Neste momento temos pessoas desalojadas, ou em condições precárias, agravamento no FDS das condições metereológicas e de crise para grande parte do território, pessoas deslocando-se dos seus concelhos de residência para acudir a família/amigos ou defender propriedades que tenham em zonas de risco, sendo certo o reforço do justificado trauma colectivo que assola o nosso país. Muitos não sabem o que será o dia seguinte e certamente as eleições estão no fundo da sua lista de prioridades.
Um dos candidatos teve a audácia de sugerir o adiamento das eleições e isso tornou-se um momento marcante na definição do estilo de presidência que cada um pode oferecer. Ventura, goste-se ou desgoste-se, teve um acto de bom senso e respeito para com os portugueses afectados. Seguro revelou-se aquilo de que Ventura o acusa. De ser um político táctico, preso aos limites de jogo definidos pelo sistema, remetendo para os árbitros a decisão de adiar, apresentando atabalhoadas soluções de eleições por etapas à medida que os concelhos vão tendo condições para exercicío do direito de voto, caindo no rídiculo de insinuar que pode perder a eleição se esta não acontecer no Domingo, com adesão em massa, e que se isso acontecesse seria um golpe sujo que defraudaria a nação.
Independentemente dos jogos políticos, de forma fria, vejo um candidato supostamente sem hipóteses de ganhar a optar por manifestar empatia e mostrar-se disposto a moldar as regras do jogo para melhor servir a população, outro de vitória garantida a optar por manter-nos dentro dos limites definidos, apelando ao esforço e sacrifício para combater um terrível “inimigo” comum. Seguro perdeu o chão, a cara e a imagem sem que Ventura tenha necessariamente feito a sua conquista para si.

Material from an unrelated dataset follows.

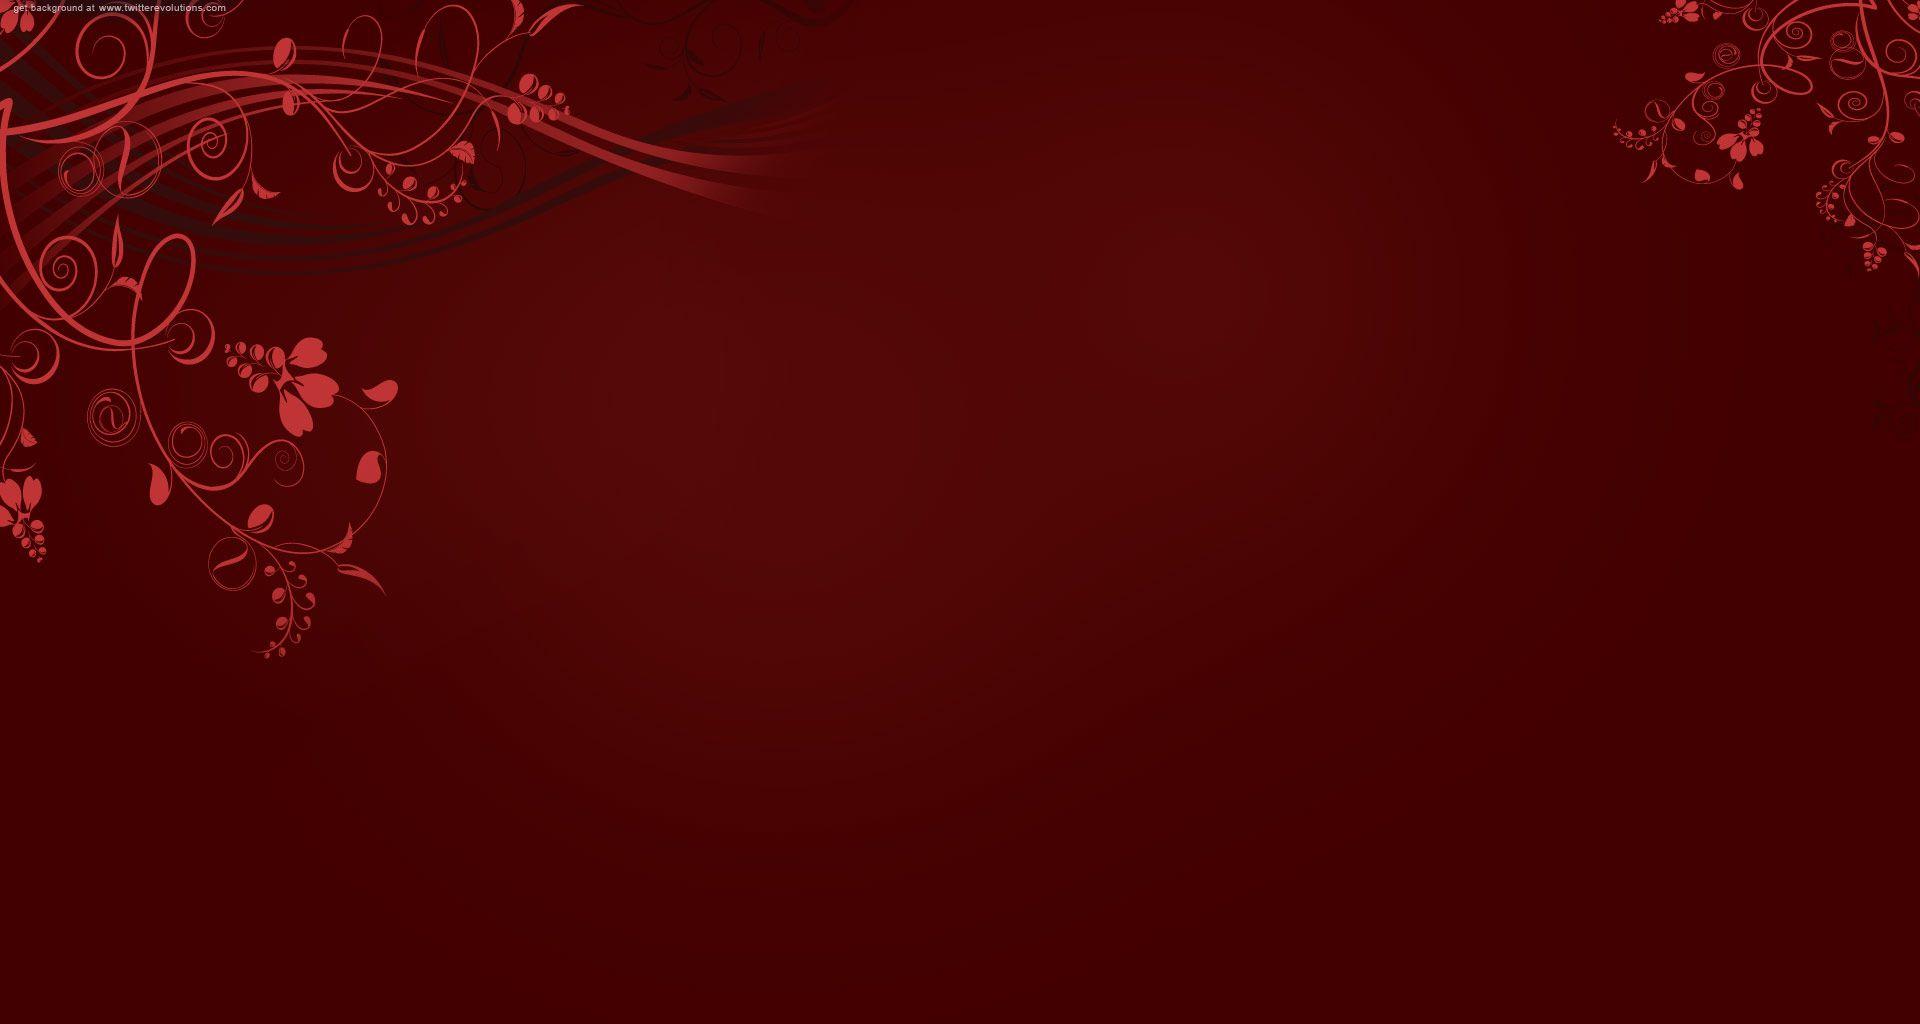 Web Design Backgrounds Red swirls twitter background

Em 2021 tivemos um pico de 60% de taxa de abstenção nas presidenciais. O nível de abstenção não anula umas eleições mas coloca mais ou menos legitimidade no seu resultado. Uma grande demonstração da vontade e força do povo seria neste momento a desvalorização das eleições através do seu boicote. Essa é uma linguagem política clara que fragiliza quem quer que seja que vença as próximas eleições. Se a data das eleições se mantém inadiável, terei todo o gosto em demonstrar o meu descontentamento à desvalorização dada ao momento que o país atravessa, através de uma clara abstenção solidária.
Há momentos em que para estarmos seguros é necessária uma clara definição de prioridades. Este FDS votar em nada contribui para isso. Relembro que sermos ingovernáveis no momento certo é meio caminho andado para a construção de uma governação justa, competente e de bom-senso.